"Her head is getting turned, poor girl. I feel sorry for her."
"Such ridiculous flattery! And really it is difficult to understand. She is pretty, and speaks French; neither the one thing nor the other is uncommon, I believe. Do you see anything remarkable in her?"
"Well, she is rather more than pretty; and there's a certain cleverness in her talk. But at her age this kind of thing is ruinous. I blame Mrs. Lessingham. She should bid her stay at home and mind her baby."
"By-the-bye, what truth is there in that story? The Naples affair, you know?"

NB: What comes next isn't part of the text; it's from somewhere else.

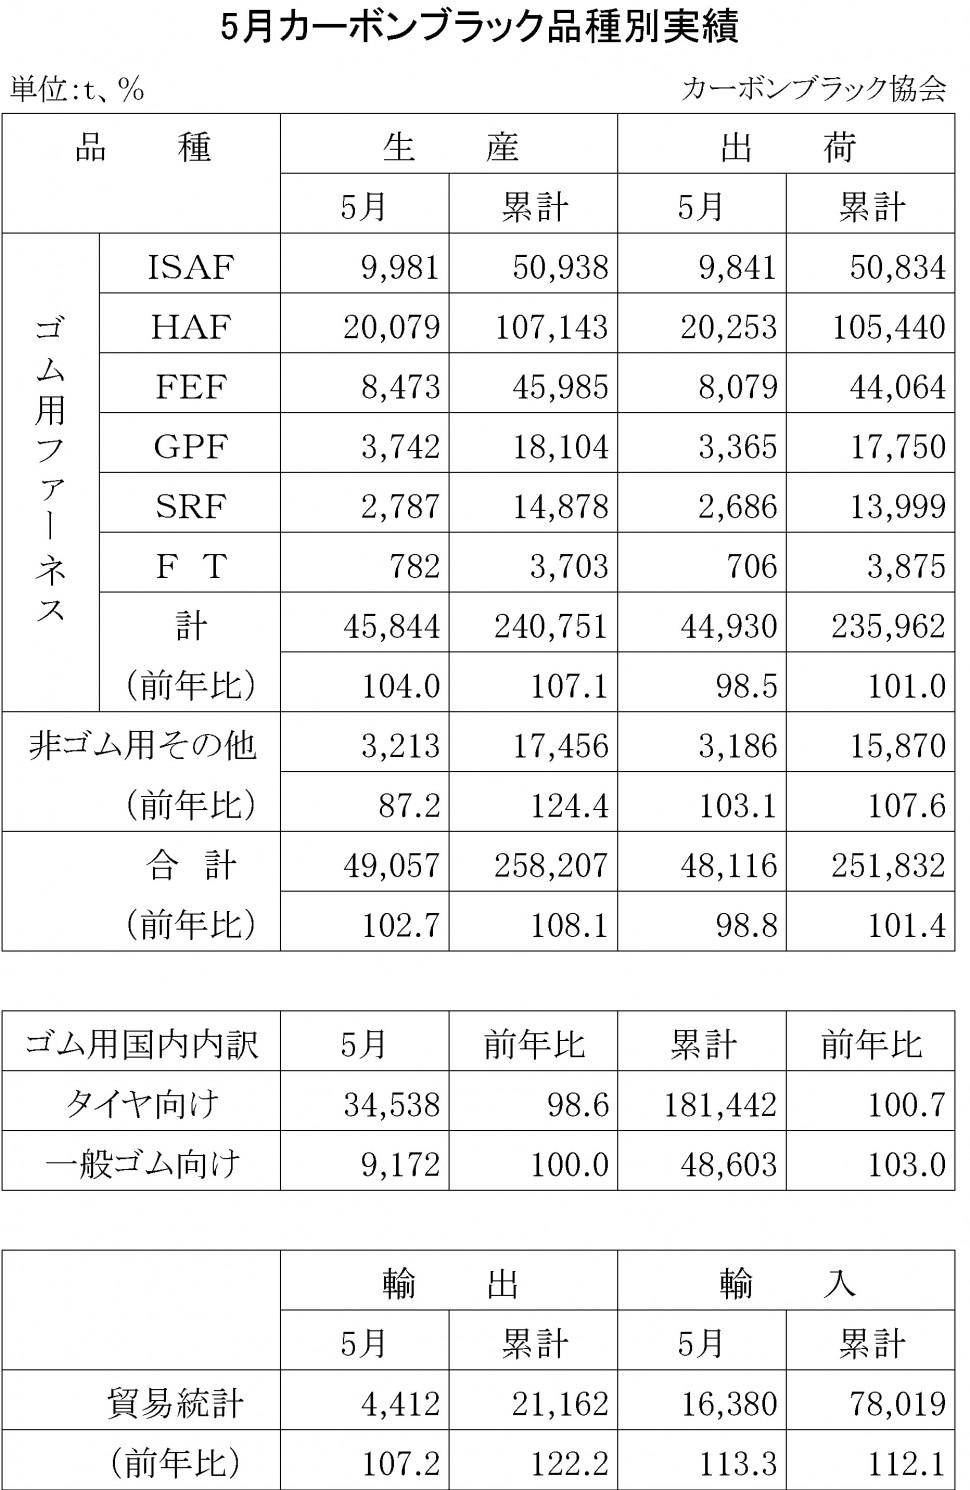 2014年5月のカーボンブラック品種別実績

"N'en sais rien. But I hear odd things about her husband. Mr. Bickerdike knew him a few years ago. He ran through a fortune, and fell into most disreputable ways of life. Somebody was saying that he got his living as 'bus-conductor, or something of the kind."

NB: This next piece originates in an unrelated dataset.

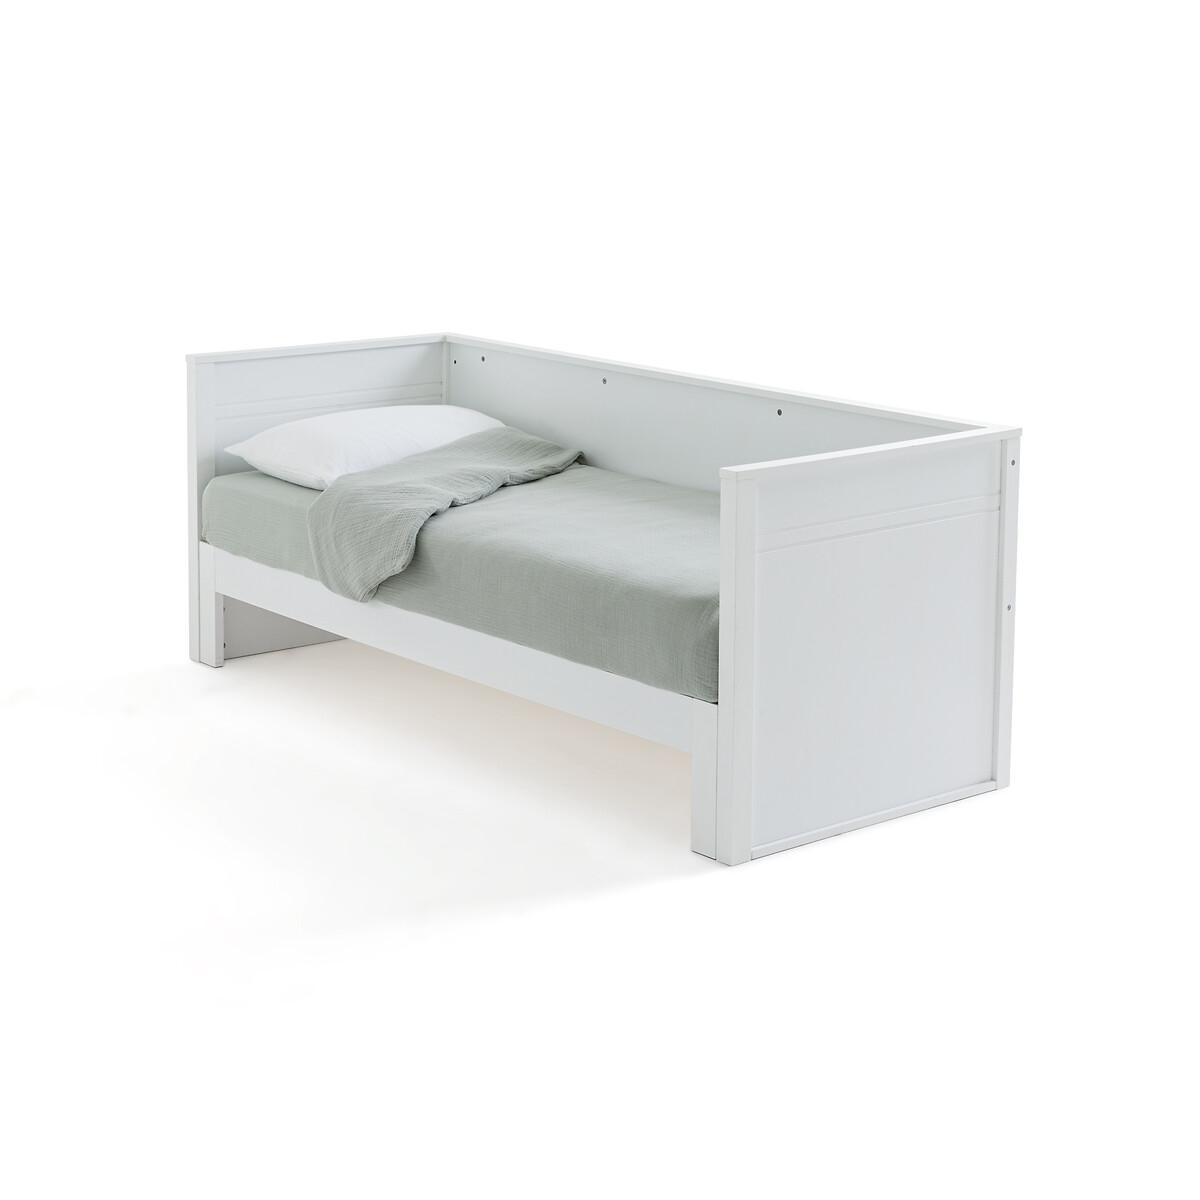 Диван-кровать LaRedoute С двойным спальным местом Leeds 160 x 200 см белый

"I could imagine that, from the look of him."
It was Mrs. Lessingham's Wednesday evening. The house at Craven Hill opened its doors at ten o'clock, and until midnight there was no lack of company. Singular people, more or less; distinguished from society proper by the fact that all had a modicum of brains. Some came from luxurious homes, some from garrets. Visitors from Paris were frequent; their presence made a characteristic of the salon. This evening, for instance, honour was paid by the hostess to M. Amedeee Silvenoire, whose experiment in unromantic drama had not long ago gloriously failed at the Odeon; and Madame Jacquelin, the violinist, was looked for.

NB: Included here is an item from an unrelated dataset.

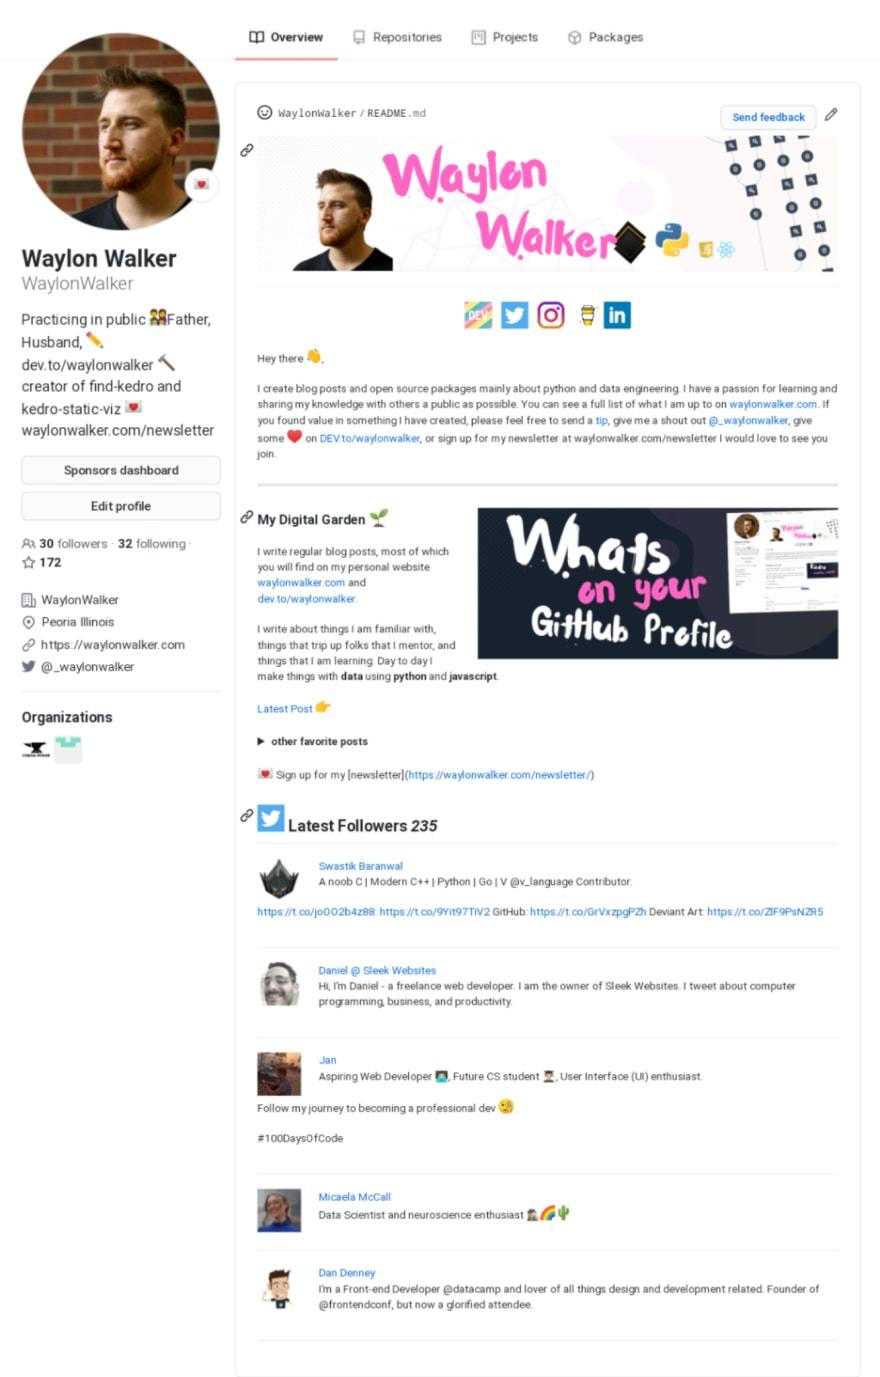 waylonwalkers GitHub profile

Mrs. Lessingham had not passed a season in London for several years. When, at the end of April, she took this house, there came to live with her the widow and daughter of a man of letters who had died in poverty. She had known the Delphs in Paris, in the days when Cecily was with her and in the winter just past she had come upon Irene Delph copying at the Louvre; the girl showed a good deal of talent but was hard beset by the difficulty of living whilst she worked. In the spirit of her generous brother, Mrs. Lessingham persuaded the two to come and live with her through the season; a room in the house was a studio for Irene, who took to portraits. Mrs. Delph, a timid woman whose nerves had failed under her misfortunes, did not appear on formal occasions like the present, but Irene was becoming an ornament of the drawing-room. To be sure, but for her good looks and her artistic aptitude, she would not have been here-no reason, perhaps, for stinted praise of her friend's generosity.
An enjoyable thing to see Mrs. Lessingham in conversation with one of her French guests. She threw off full fifteen years, and looked thirty at most. Her handsome features had a vivid play of expression in harmony with the language she was speaking; her eyes were radiant as she phrased a thought which in English would have required many words for the—blunting of its point. M. Silvenoire, who—with the slight disadvantage of knowing no tongue but his own—was making a study of English social life, found himself at ease this evening for the first time since he had been in London. Encouraged to talk his best, he frankly and amusingly told Mrs. Lessingham of the ideas he had formed regarding conversation in the drawing-rooms of English ladies.
"Civilization is spreading among us," she replied, with a laugh. "Once or twice it has been my privilege to introduce young Frenchmen, who were studying our language, to English families abroad, and in those cases I privately recommended to them a careful study of Anthony Trollope's novels, that they might learn what is permissible in conversation and what is not. But here and there in London you will find it possible to discuss things that interest reasonable beings."